Да и места-то здесь неспокойные, что ни год – то литва набегает, то чудь с водью, купно соединясь, бунтуют, либо поврозь на проезжих дорогах да на речных путях шалят: когда рыбаков в полон утащат либо жизни лишат, когда купцов ограбят да побьют. И все сие – не своею хоть бы и дурью, а немцы да свеи их на Русь науськивают, да подзуживают, да посулы богатые обещают. Ну, и укрывают, конечно, самых-то ярых разбойников во владениях своих – кормят, врачуют и вооружают. Но это зло привычное – новгородцы и всегда живут с опасением, земля новгородская на краю Руси, чужой язык, чужая вера под боком. Постоянные стычки и сечи с разными супротивниками здесь за обыденку. То от грабителей отбиваются, а чаще сами грабить идут!
Но в лето 1229 пришел страх иной. Сотворилось в самом Новгороде великое смущение и распря, и жизнь на княжеском городище сделалась совсем страшной.
Он помнил, как сидели они с братом в темном тереме: двое еще совсем мальчишек малых – Александру шел десятый год, Федору – одиннадцатый. Сюда, за две версты от Новгорода, за крепкие стены острога и вековые бревна терема княжеского доносился колокольный набат и смутно – страшный гул толпы, что денно и нощно бушевала в городе. Вои, стоявшие на страже, изнемогли на стенах от бессонницы, ожидая, когда буйная толпа повалит из города под окна и бойницы княжеского городища.
– А и что бы они, вои ти, сделали? – сказал молодой князь вслух, – горсть супротив сотен черного народа?!
Голос его неожиданно громко отдался под сводами хоров Святой Софии, где хранилась вся книжная премудрость Господина Великого Новгорода, и где теперь Александр просиживал ночи напролет, перелистывая тяжелый лоснящийся холодный пергамент летописей.
Князь от голоса своего вздрогнул. Оглянулся. Но никого в храме, кроме него, не было. Сторожа княжеская дремала внизу у входных соборных дверей. Потянувшись с хрустом в плечах, князь снова углубился в чтение и словно бы вернулся в те, слава Богу, минувшие года.
«Той же осенью начался дождь велик на Госпожин день 4)– шел и день, и ночь, так что и до Николина дня 5) не видели светлого дня: ни сена людям нельзя было добыть, ни нивы возделать».
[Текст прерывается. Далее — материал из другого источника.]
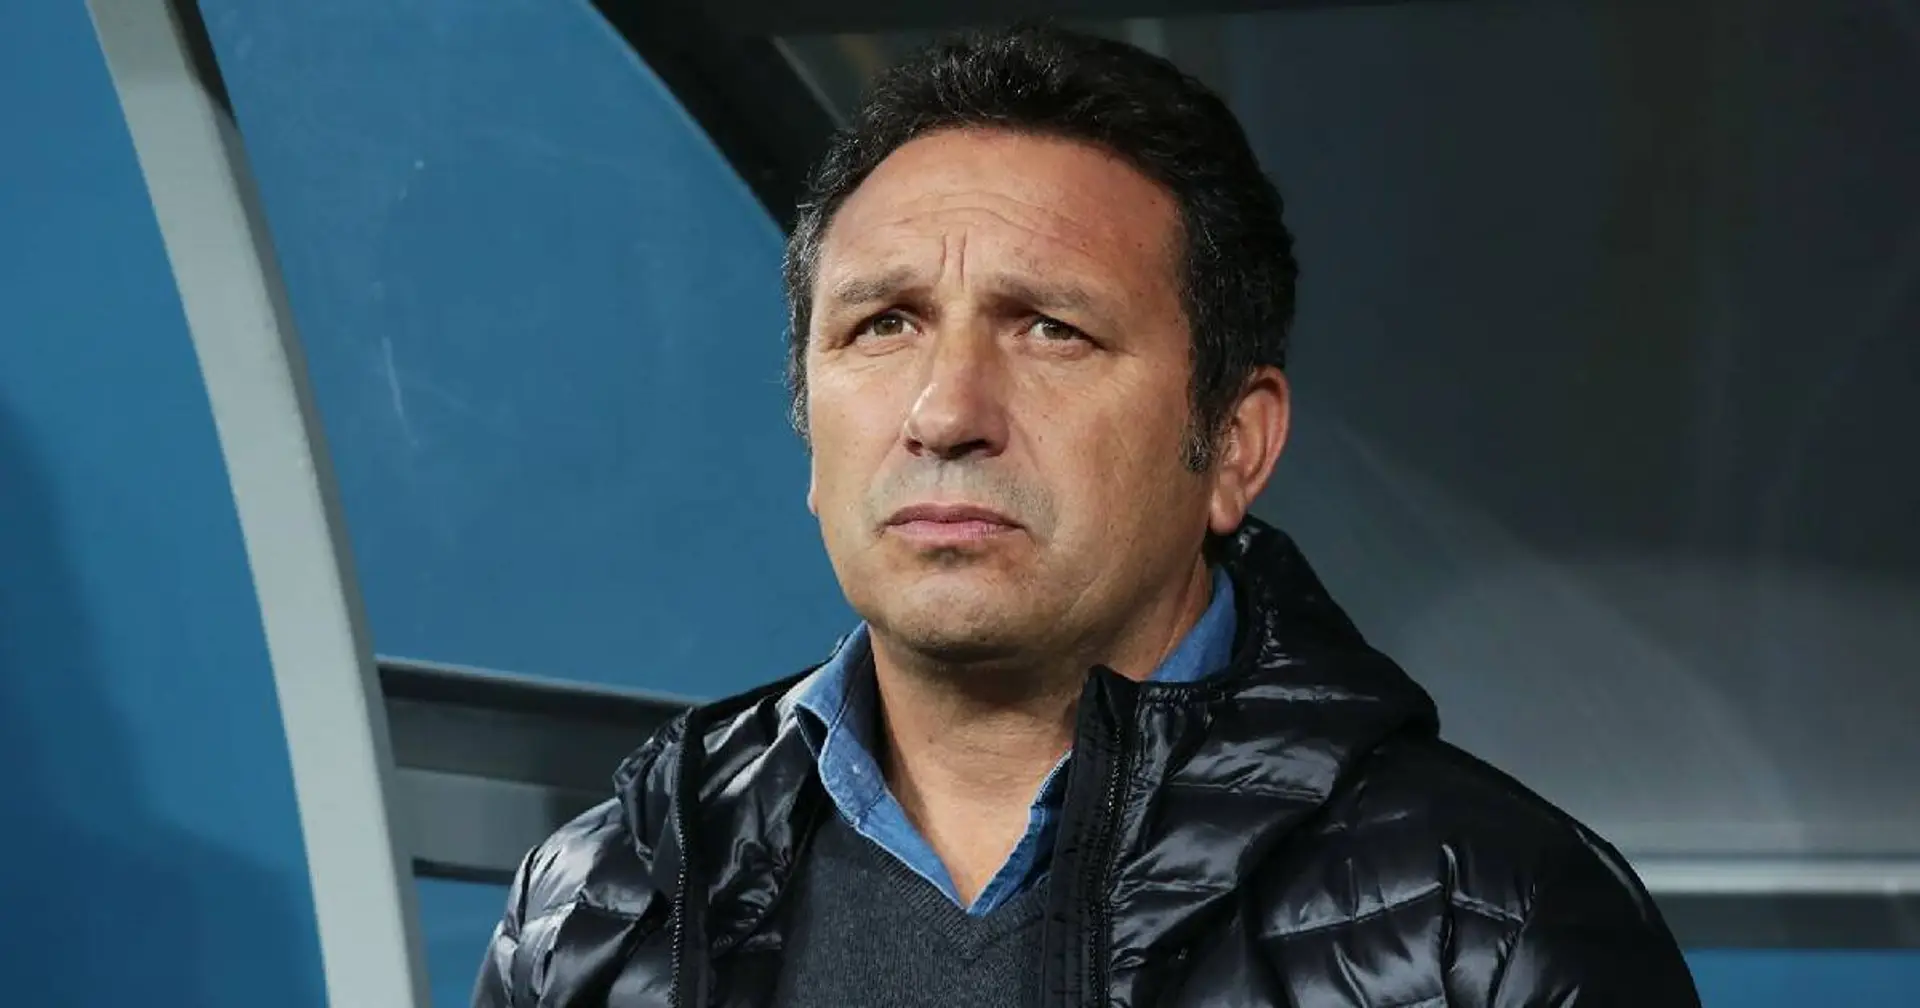 Ex-Barca player and coach Eusebio in induced coma after urgent brain surgery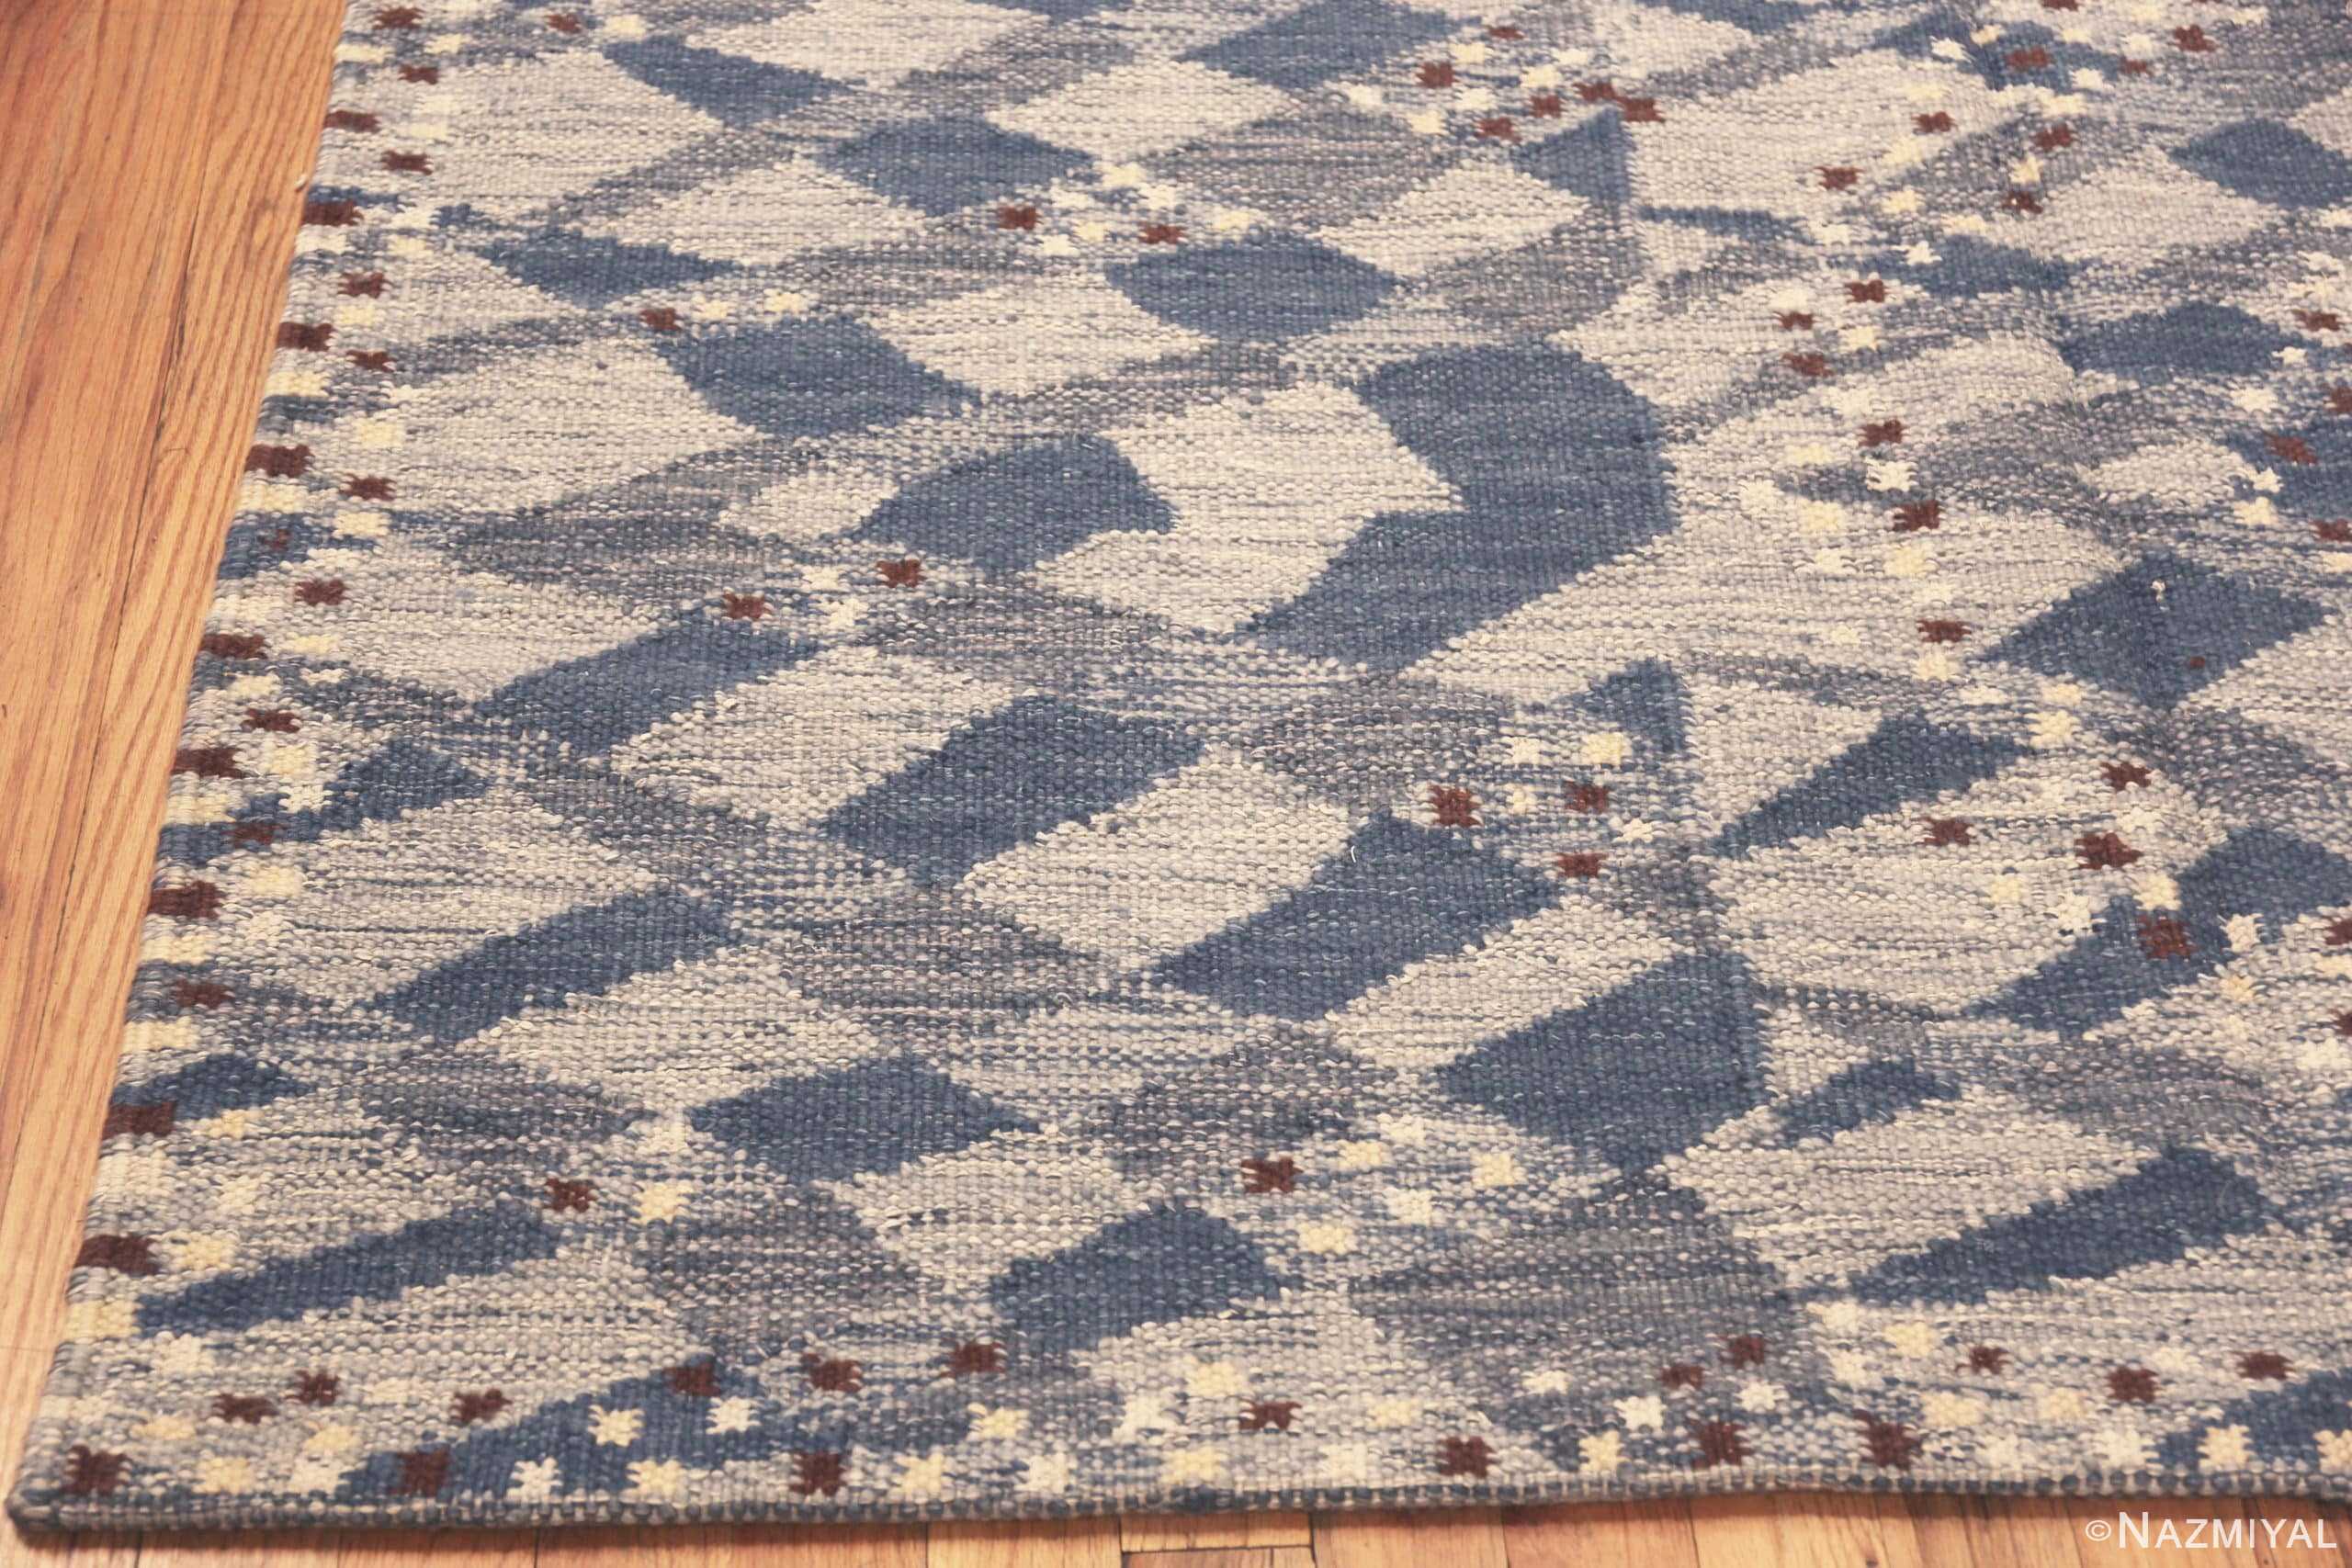 Corner Of Magnificent Swedish Inspired Blue Area Rug 60895 by Nazmiyal Antique Rugs

Запомнил! Запомнил Александр тогдашнюю черную осень. День и ночь поливал холодный проливной дождь, будто хляби небесные разверзлись – не было ему окончания. Раскисла вся земля, потонули в непролазной грязи дороги, вспучились болота, переполнились водою реки и залили прибрежные села поля и огороды не веселым весенним половодьем, а ледяным осенним паводком. Вымокли все озимые хлеба, сгнило в стогах сено, обрекая на голод скотину.